Re: [PATCH] cpuhotplug: introduce try_get_online_cpus() take 2

From: Paul E. McKenney
Date: Fri Jun 05 2009 - 11:37:32 EST


On Thu, Jun 04, 2009 at 02:58:20PM +0800, Lai Jiangshan wrote:
> Gautham R Shenoy wrote:
> > On Fri, May 29, 2009 at 06:53:42PM -0700, Paul E. McKenney wrote:
> >> On Fri, May 29, 2009 at 04:29:30PM +0800, Lai Jiangshan wrote:
> >>> Current get_online_cpus()/put_online_cpus() re-implement
> >>> a rw_semaphore, so it is converted to a real rw_semaphore in this fix.
> >>> It simplifies codes, and is good for read.
> >>>
> >>> And misc fix:
> >>> 1) Add comments for cpu_hotplug.active_writer.
> >>> 2) The theoretical disadvantage described in cpu_hotplug_begin()'s
> >>> comments is no longer existed when we use rw_semaphore,
> >>> so this part of comments was removed.
> >>>
> >>> [Impact: improve get_online_cpus()/put_online_cpus() ]
> >> Actually, it turns out that for my purposes it is only necessary to check:
> >>
> >> cpu_hotplug.active_writer != NULL
> >>
> >> The only time that it is unsafe to invoke get_online_cpus() is when
> >> in a notifier, and in that case the value of cpu_hotplug.active_writer
> >> is stable. There could be false positives, but these are harmless, as
> >> the fallback is simply synchronize_sched().
> >>
> >> Even this is only needed should the deadlock scenario you pointed out
> >> arise in practice.
> >>
> >> As Oleg noted, there are some "interesting" constraints on
> >> get_online_cpus(). Adding Gautham Shenoy to CC for his views.
> >
> > So, to put it in a sentence, get_online_cpus()/put_online_cpus() is a
> > read-write semaphore with read-preference while allowing writer to
> > downgrade to a reader when required.
> >
> > Read-preference was one of the ways of allowing unsuspecting functions
> > which need the protection against cpu-hotplug to end up seeking help of
> > functions which also need protection against cpu-hotplug.
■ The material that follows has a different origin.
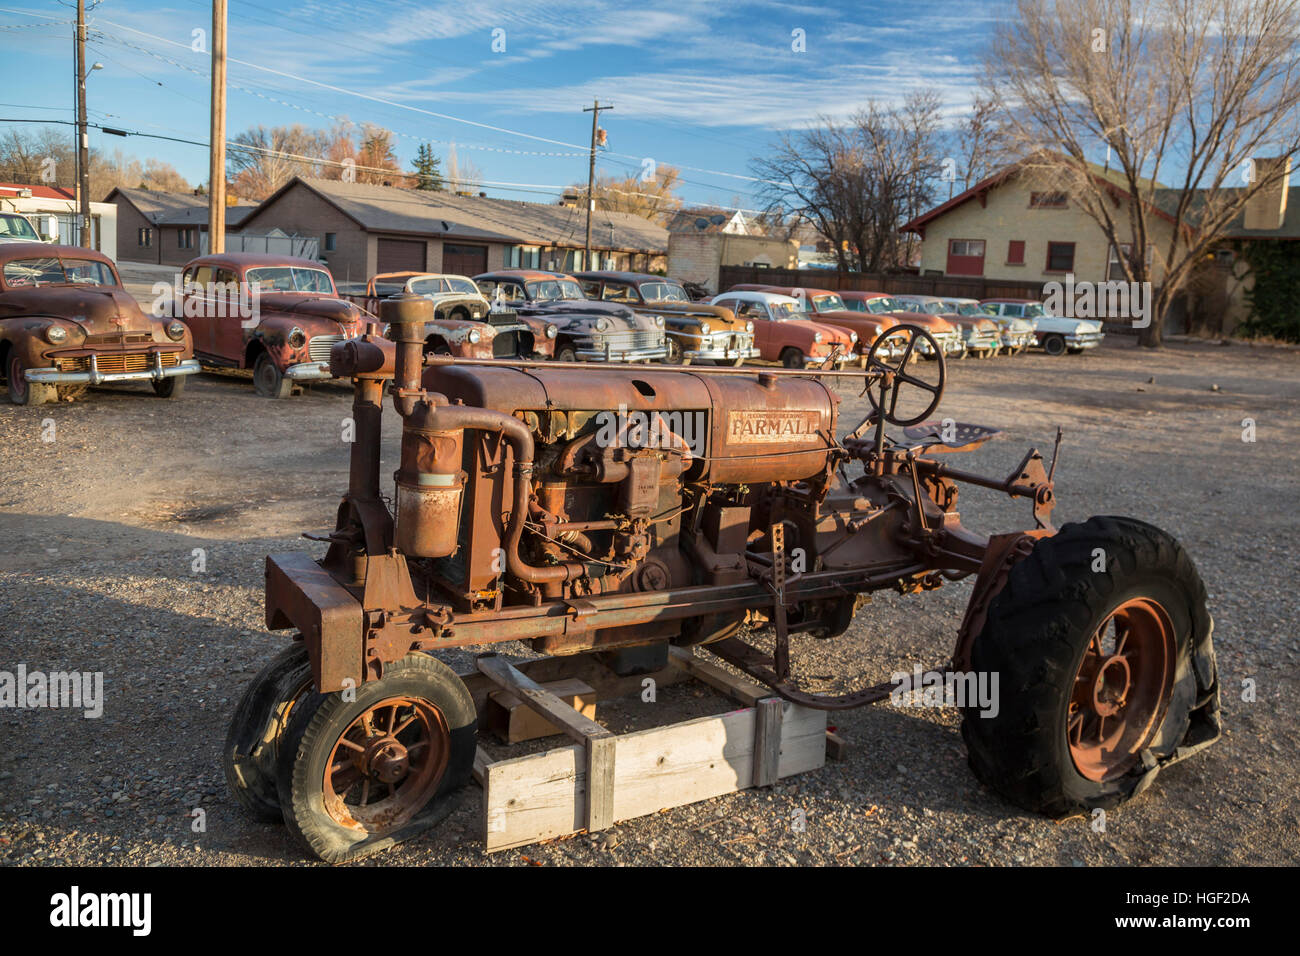 Delta, Colorado - verrostet klassischer Automobile und einen Farmall Traktor auf dem Display an Orvals Gebrauchtwagen. Stockfoto

IOW allow a
> > single context to call get_online_cpus() without giving away to circular
> > deadlock. A fair reader-write lock wouldn't allow that since in the
> > presence of a write, the recursive reads would block, thereby causing a
> > deadlock.
> >
> > Also, around the time when this design was chosen, we had a whole bunch
> > of functions which did try to take the original "cpu_hotplug_mutex"
> > recursively. We could do well to use Lai's implementation if such
> > functions have mended their ways since this would make it a lot simpler
> > :-) . But I suspect it is easier said than done!
> >
> > BTW, I second the idea of try_get_online_cpus(). I had myself proposed
> > this idea a year back. http://lkml.org/lkml/2008/4/29/222.
> >
> >
> >
>
> Add CC to Peter Zijlstra <peterz@xxxxxxxxxxxxx>
>
> (This patch is against mainline but not for inclusion, it will adapted
> against -mm when request)
>
> Requst For Comments and Reviewing Hungeringly.
>
> - Lockless for get_online_cpus()'s fast path
> - Introduce try_get_online_cpus()

One question for Gautham Shenoy -- are non-atomic CPU-hotplug notifiers
always invoked from the task that did the cpu_hotplug_begin()?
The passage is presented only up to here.